К началу 1918 года практически все спиртные запасы на государственных складах в уральских городах были либо расхищены, либо уничтожены.

В мае 1918 года в условиях резкого ухудшения продовольственного положения был принят декрет ВЦИК и СНК «О чрезвычайных полномочиях народного комиссара по продовольствию», фактически подтвердивший продолжение «сухого закона», введенного еще царским правительством. Самогоноварение было отнесено к наиболее опасным нарушениям социалистической законности. Декрет, в частности, предусматривал уголовную ответственность за самогоноварение в виде лишения свободы с конфискацией имущества, изгнания из сельской общины навсегда и направление на принудительные общественные работы.

Однако рабоче-крестьянская милиция, на которую была возложена борьба с самогоноварением, с поставленной задачей справиться была не в состоянии. Самогон гнали везде, где были излишки продовольствия. Но большевистское правительство сразу сдаваться не собиралось, и 19 декабря 1919 года Совнарком РСФСР подтвердил приверженность новой власти декларированным принципам. В стране был принят очередной антиалкогольный декрет «О запрещении в РСФСР без разрешения производства и продажи спирта, крепких напитков и не относящихся к напиткам спиртосодержащих веществ».

Но уже следующий «питейный» декрет Совнаркома РСФСР от 9 августа 1921 года «О продаже виноградных, плодовоягодных и изюмных вин» разрешал продажу вин крепостью до 14 градусов. Хотя запрет на производство и продажу водки сохранялся, многими современниками декрет был воспринят как отказ от ранее выбранной стратегии.
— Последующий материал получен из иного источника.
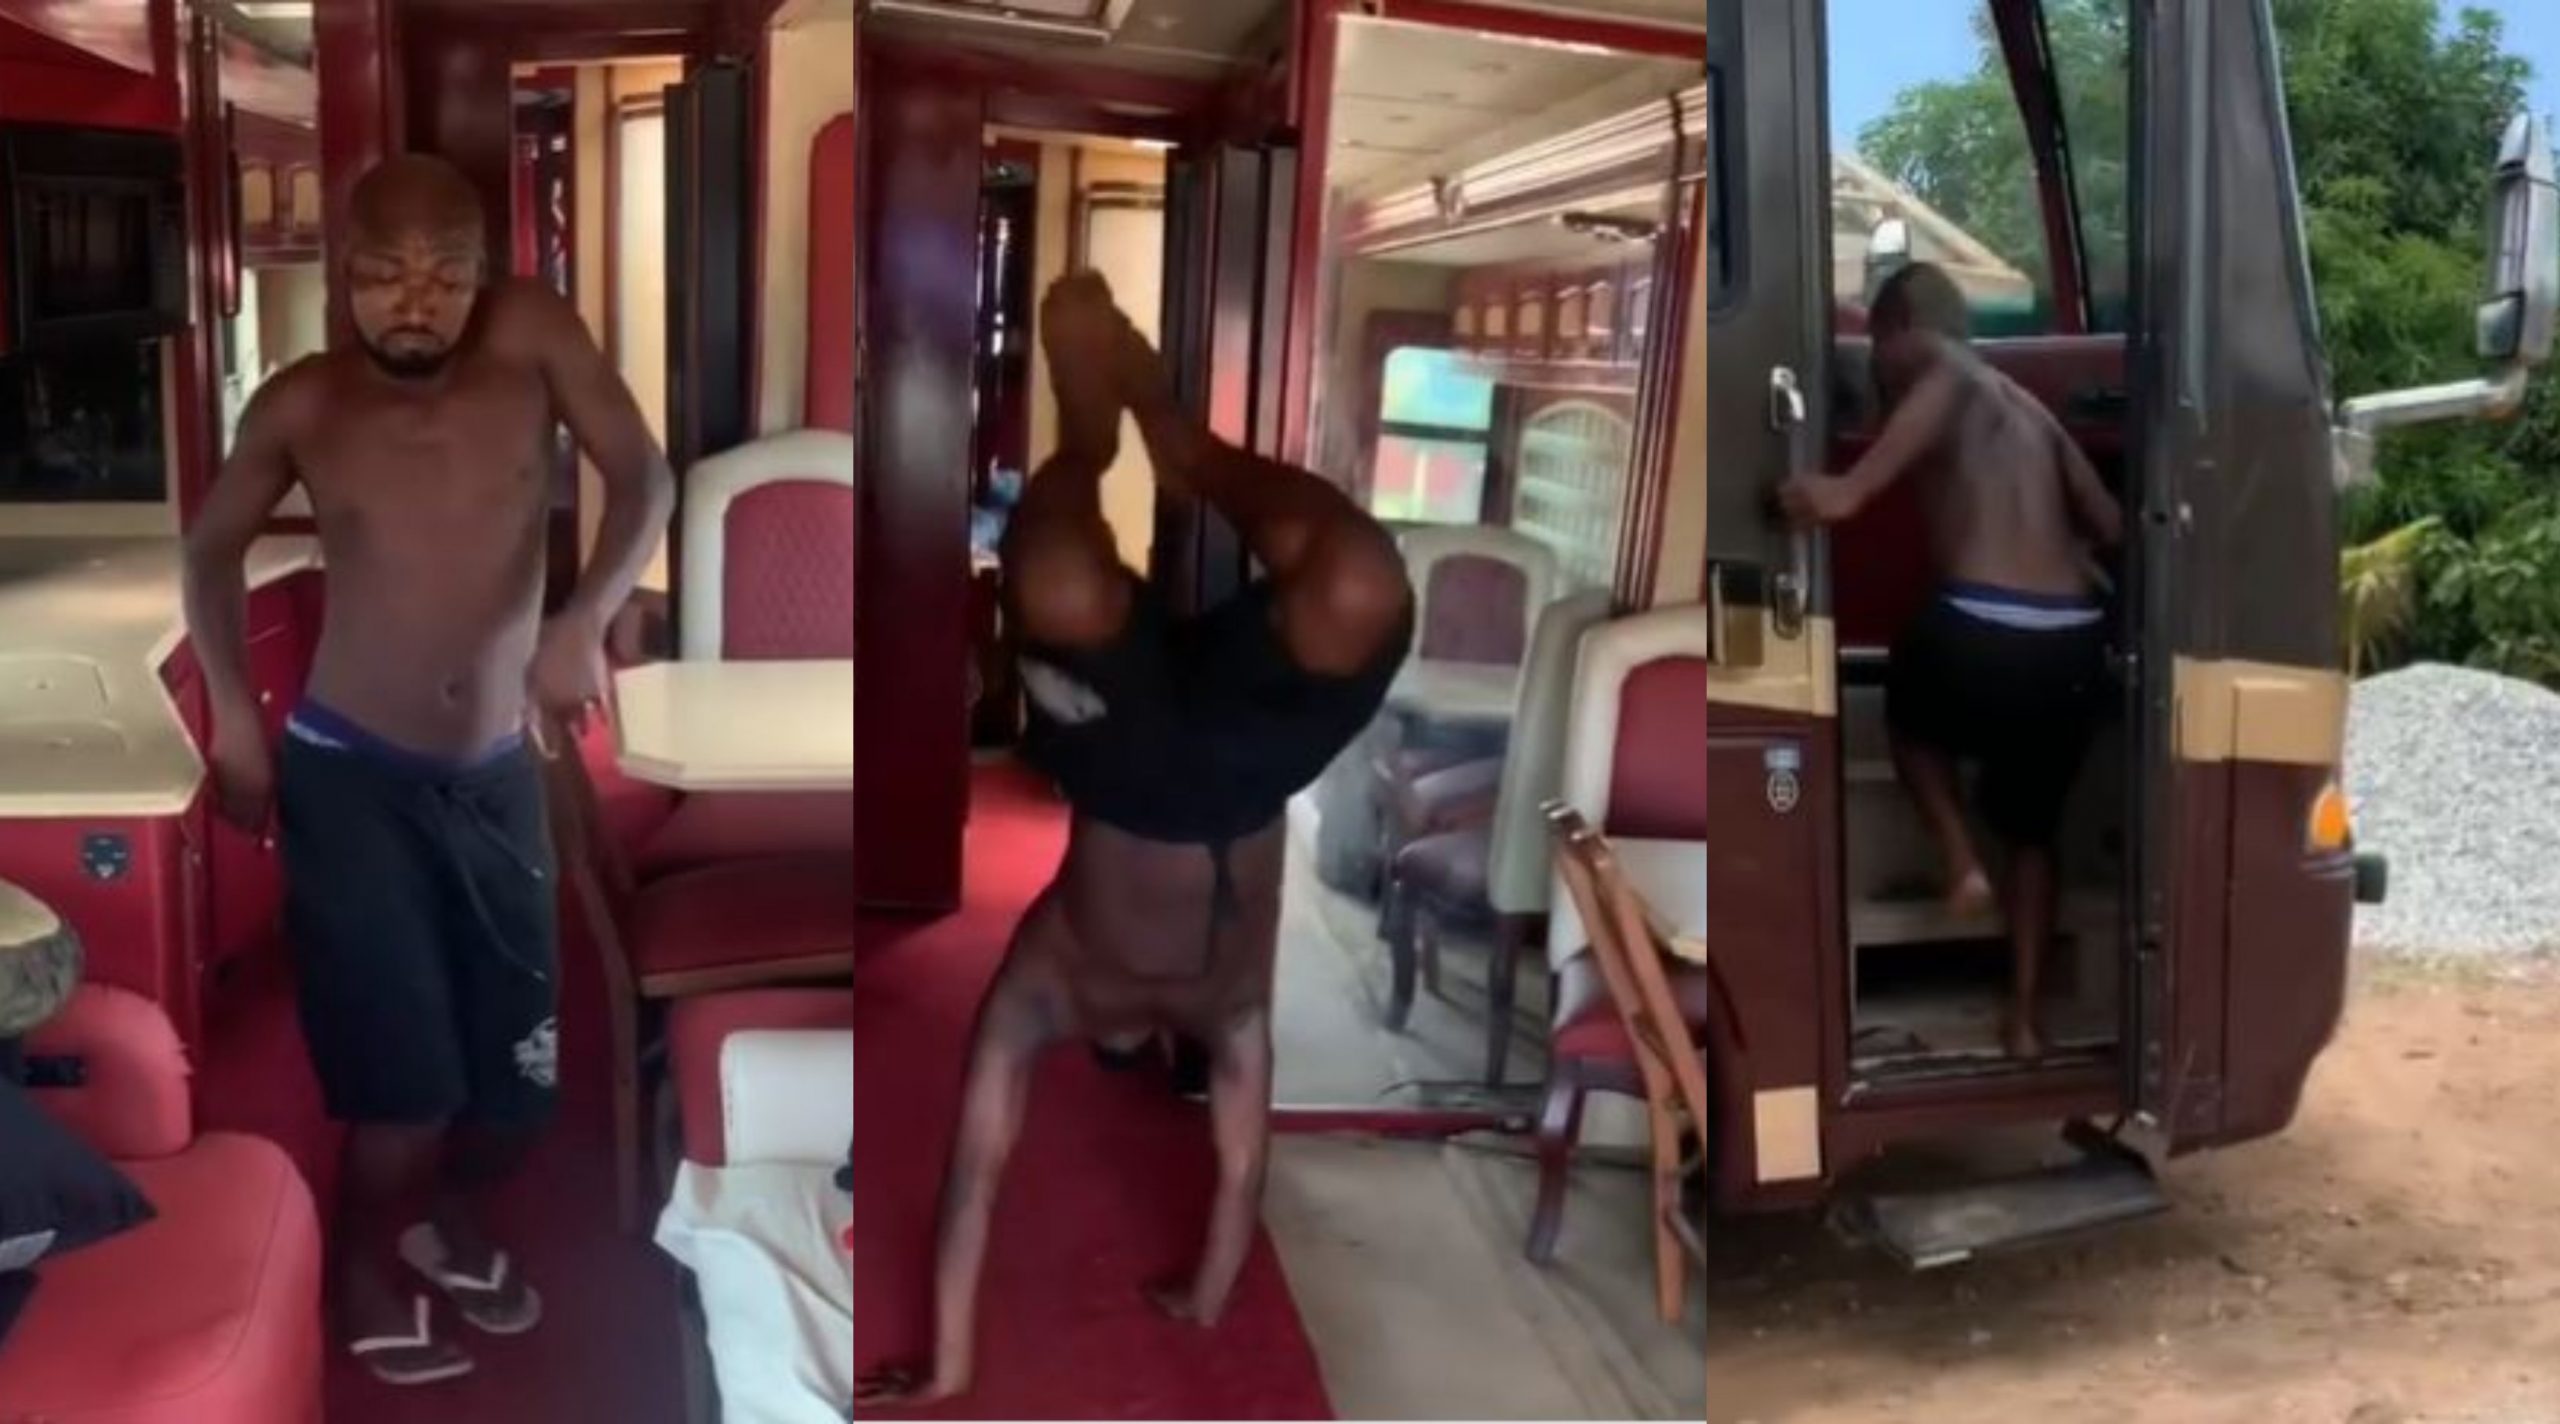 Funny Face acquires luxury tour bus, gives tour of the inside

Был ли прок от всех этих действий? Вряд ли сегодня можно ответить на этот вопрос однозначно. Но вот специальная делегация английских тред-юнионов, инспектировавшая Россию в 1923-1924 годах, в своём отчёте указала на то, что «ни в одном из районов России члены делегации не зарегистрировали того явления, которое было известно во всем мире как «русское повальное пьянство». И даже более того: «Большевикам удалось создать новую психологию у рабочего класса – презрение и ненависть к пьянству как к классовому явлению, унижающему рабочий класс. Большевики подняли классовую гордость рабочего почти до аристократического уровня».

Оставим это высказывание на совести английских профсоюзных лидеров. Реальная же ситуация, во всяком случае, на Урале, не была столь радужной. Пролетарские газеты не скрывали тревоги. География питейных заметок охватывала весь горнозаводской Урал.

В Билимбае председатель правления Билимбаевского завода Кононов и агент уездного продовольственного комитета Верачев пируют с местными работниками: «Вишь, забрались на мягкие кресла, так теперь для них разливанное море кумышки. Пей – не хочу!»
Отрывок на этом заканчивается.